Весь курятник с именами. Есть куры добрые, а есть вредоносные капризницы, которые сами напрашиваются в суп.
– Да, Пеструшка была душевной курочкой. – Это Оля с куклой Катериной в руках. Кукле рассуждения безразличны. Кукла только что примеряла новое платье. Кукла живёт на Земле Королевы Мод. В платьице ей там холодно. Но Олечка не в курсе дела. Тут обман чистой воды.
Михейша – старший брат девочек. Он любит розыгрыши. Это он поселил куклу Катерину на ледяную Землю и убедил Олюшку, что там родина всех её кукол. Дашины куколки и тряпичный их Маркиз ди Палисад живут славно и дружно, как мясо в борще, на скалистом каблуке итальянского сапога.

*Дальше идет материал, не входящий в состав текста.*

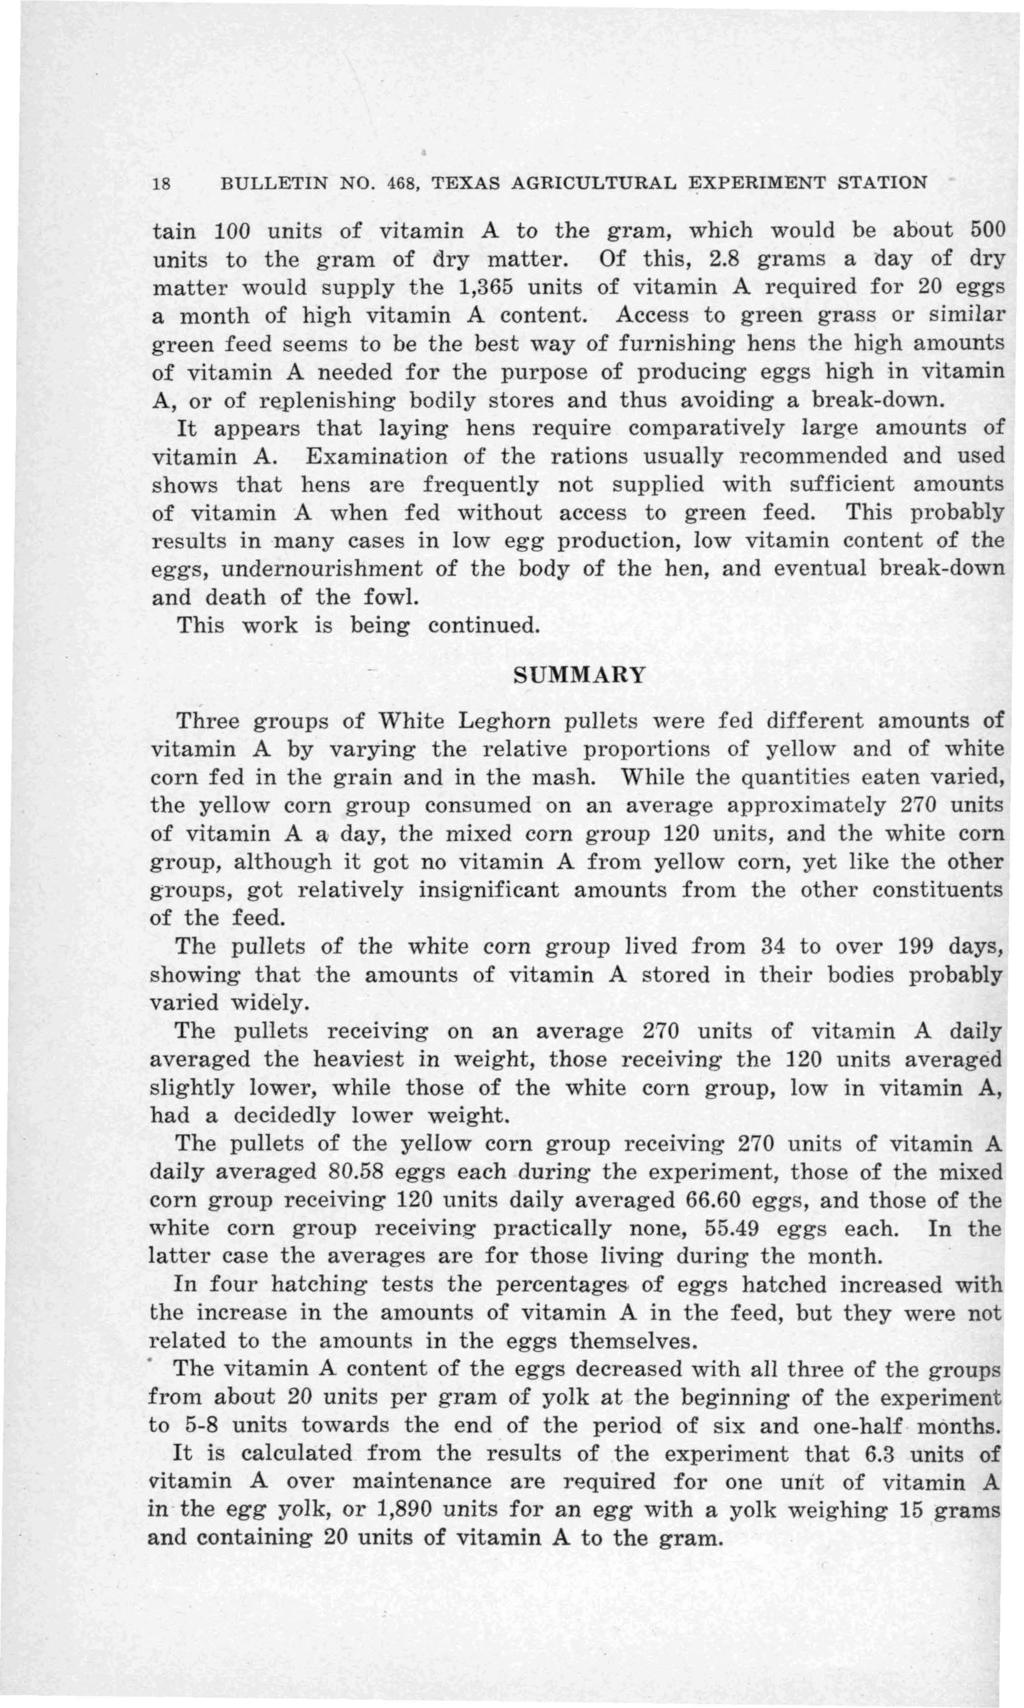 18 BULLETIN NO. 468, TEXAS AGRICULTURAL EXPERIMENT STATION tain 100 units of vitamin A to the gram, which would be about 500 units to the gram of dry matter. Of this, 2.

Ленкины – они чопорней – обитают в Лондоне, Париже и Берлине.
– Добросердечная курочка, значит, вкусная, и сердце у неё мягкое. Я буду сердце, – рассуждает лицемерный от возмужалости Михейша. Садится и тянется к блюду.
– Мне, чур, только белого мяса. – Это Ленка–неженка. Она уже успела скользнуть в кабинет и вынырнула из– за портьеры с новой, припасённой заранее взрослой книжкой. И по одной только книжке и по шелесту только что надетого длинного, совершенно не казённого, не школьного платья – с лямками, всего в кружевах и оборках, стало ясно, что она – самая старшая сестра и самая главная героиня обеденного спектакля против остальной мелкоты. И все несчастья транссибирской железной дороги тоже идут от её скорости взросления и поразительно классического вида фигуры от головы до пят, включая главный фэйсад лица. Она не любит пупырчатых шкурок и молочной пенки.
Вот так, ёпть, дак деревня! Где ж такая, чтоб пенок и шкурок не любить?
– Всем сидеть смирно и не рассуждать!
Это баба Авдотья. Она в доме вторая по главности после деда. Рассудительная Ленка на третьем месте. Папа с мамой – декоративные лица. С этим согласны все.
Пришёл дед Федот, в сенцах присел на лавку и отвинтил заиндевелые шнурки оранжевых ботинок с белочным мехом, с голенищами почти до колена, с крючками вместо дырок. Нерусь! Ну что за фасон!
С порога залы, не глядя, заученным движением дед зафинтилил картузного вида утеплённый из нутра берет в вешалку, расположенную к нему под острым углом. Попал. Зимний вариант картузоберета поболтался и затих на счёт «четыре».
– Не фу себе! – вырвалось у Михейши.
Дети застыли в стеклянной неподвижности – каждый со своим съедобным предметом, Смотрят на него, переглядываются и недоумевают: откуда у деда эквилибристская сноровка? Небось, и ножи умеет метать, и мячи в корзину через спину и с центра поля.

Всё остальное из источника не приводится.